But in re­cent weeks, strategists said spec­u­la­tion that Gab­bard could join the Trump ad­min­is­tra­tion and a trip in which she met with Syr­i­an Pres­id­ent Bashar al-As­sad have raised ques­tions about her polit­ic­al fu­ture and as­pir­a­tions. Hawaii Demo­crats said voters back home are pay­ing at­ten­tion.

“Out of all of the is­sues that have got­ten her in the news so far, this is the most cov­er­age she’s ever got­ten on any single is­sue or in­cid­ent,” said state Sen. Stan­ley Chang, who like Gab­bard was elec­ted to the Hon­olulu City Coun­cil in 2010.
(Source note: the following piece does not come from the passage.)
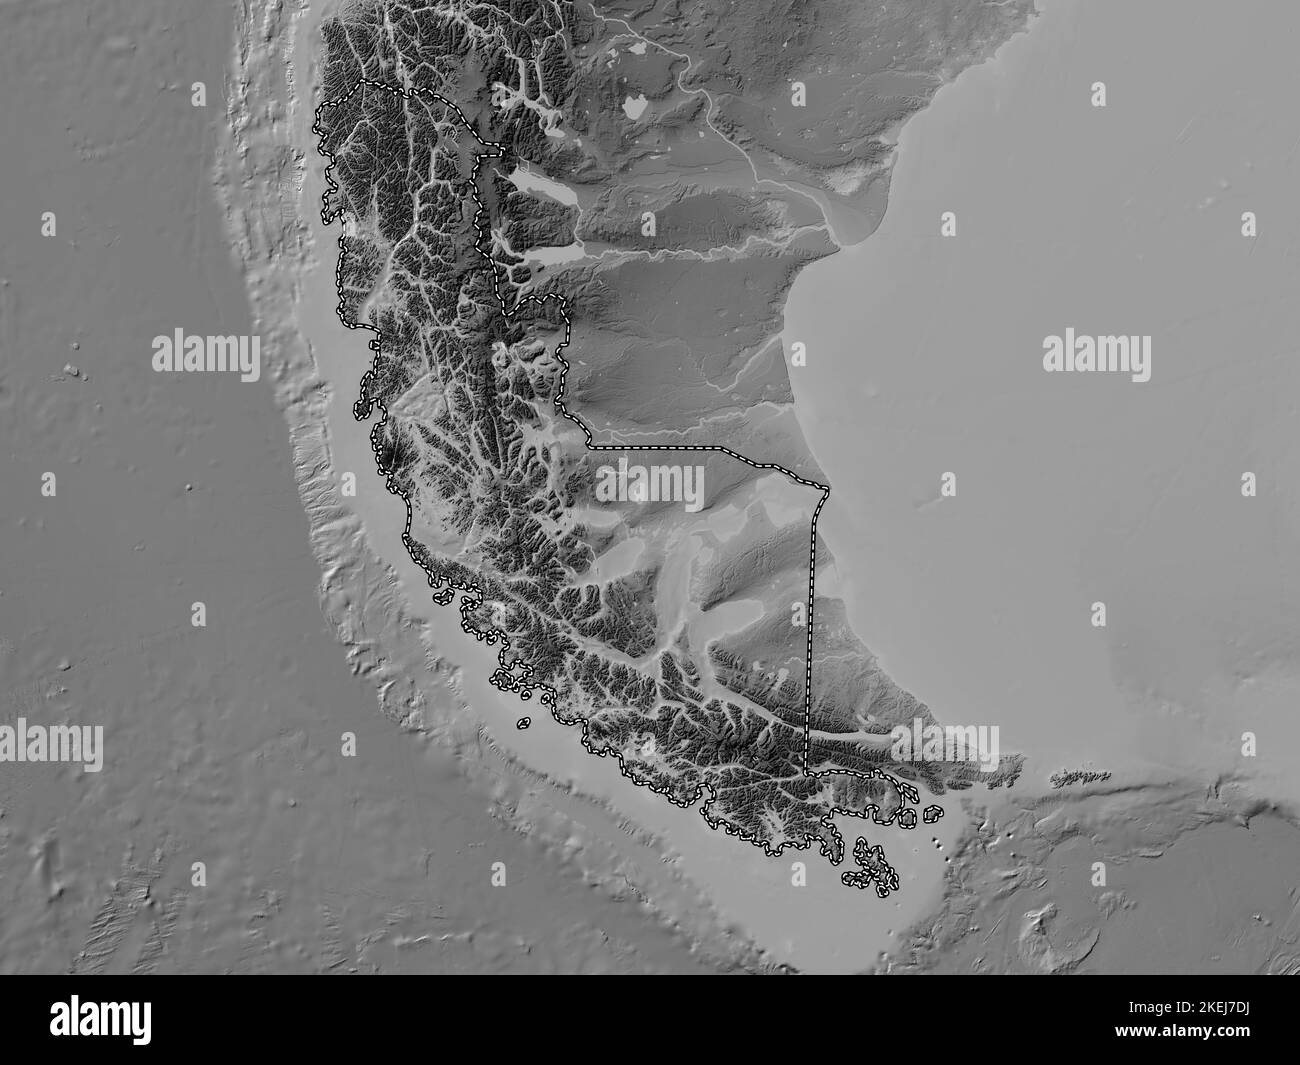 Magallanes y Antartica Chilena, region of Chile. Grayscale elevation map with lakes and rivers Stock Photo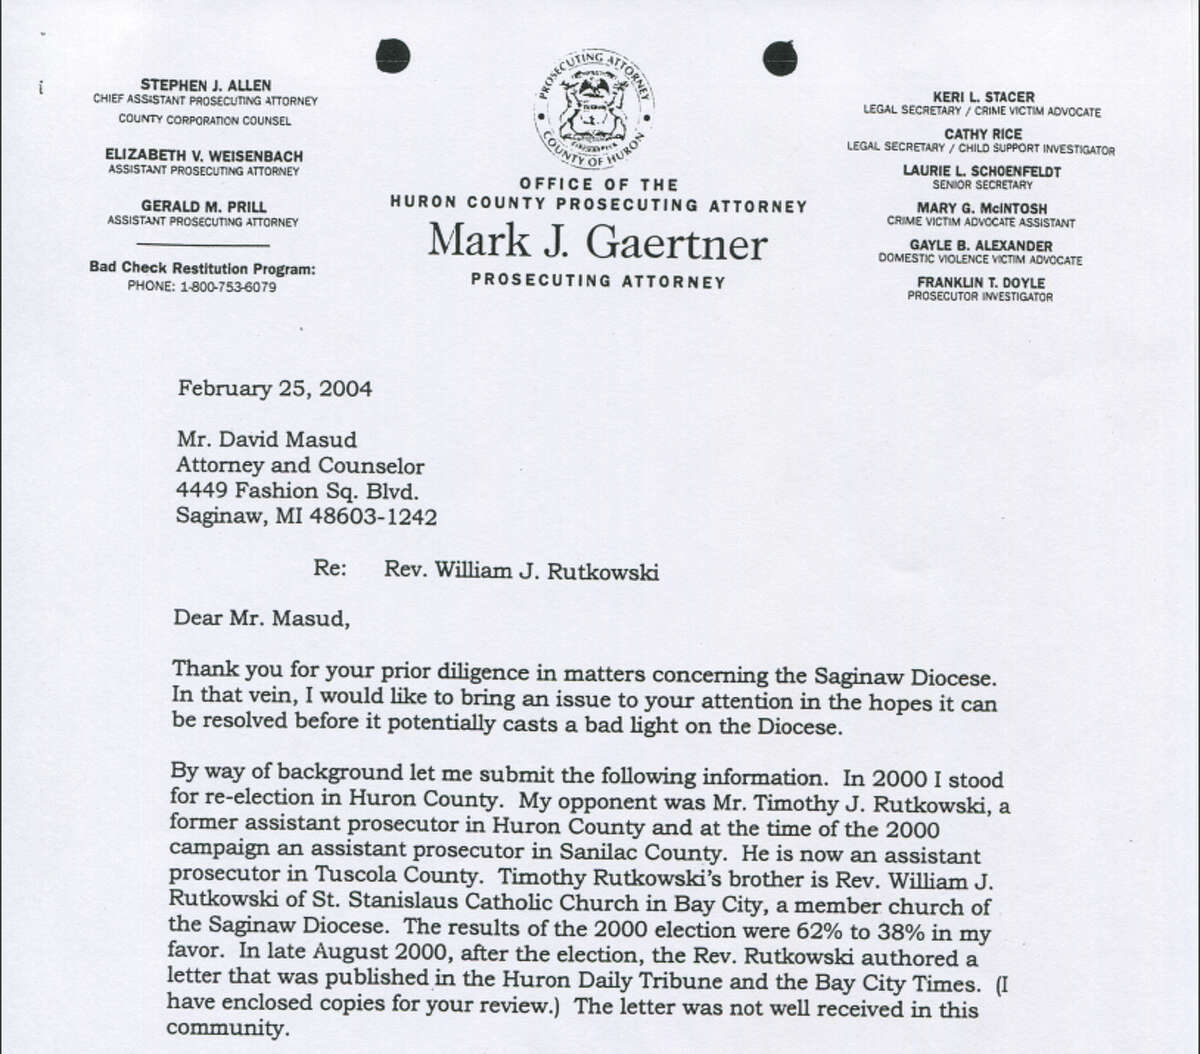 This is a 2004 letter from former Huron County Prosecutor Mark Gaertner to an attorney representing the Diocese of Saginaw.

Hawaii news sources echoed the tone of sev­er­al Demo­crats who privately dis­cussed the trip with Na­tion­al Journ­al: con­fu­sion and frus­tra­tion. The Maui News ed­it­or­i­al board wrote that it was “baffled” by Gab­bard’s ac­tions, and the Hon­olulu Civil Beat wrote that she had “crossed the line with a secret trip to Syr­ia.” And on Sunday, a Hon­olulu Star-Ad­vert­iser colum­nist cri­ti­cized Gab­bard for com­par­ing her trip with the late Rep. Patsy Mink’s meet­ings at the Par­is Peace Talks dur­ing the Vi­et­nam War.

“Things like that can come back and haunt her next year,” said one Hawaii Demo­crat­ic strategist who re­ques­ted an­onym­ity to speak can­didly.

Chang, whose com­ments aligned with those of Demo­crat­ic strategists in the state, said that the un­usu­al cir­cum­stances sur­round­ing the trip co­in­cided with Trump’s elec­tion and the rise of a pro­gress­ive act­iv­ist corps in Hawaii to “cre­ate a lot of in­terest in the com­munity” about the trip.

Even if the con­tro­versy over the trip dies down, ob­serv­ers said it raised an im­port­ant ques­tion about Gab­bard’s fu­ture: Can her go-it-alone ap­proach to polit­ics trans­late in an era when Demo­crats around the coun­try seem in­creas­ingly united be­hind an anti-Trump move­ment?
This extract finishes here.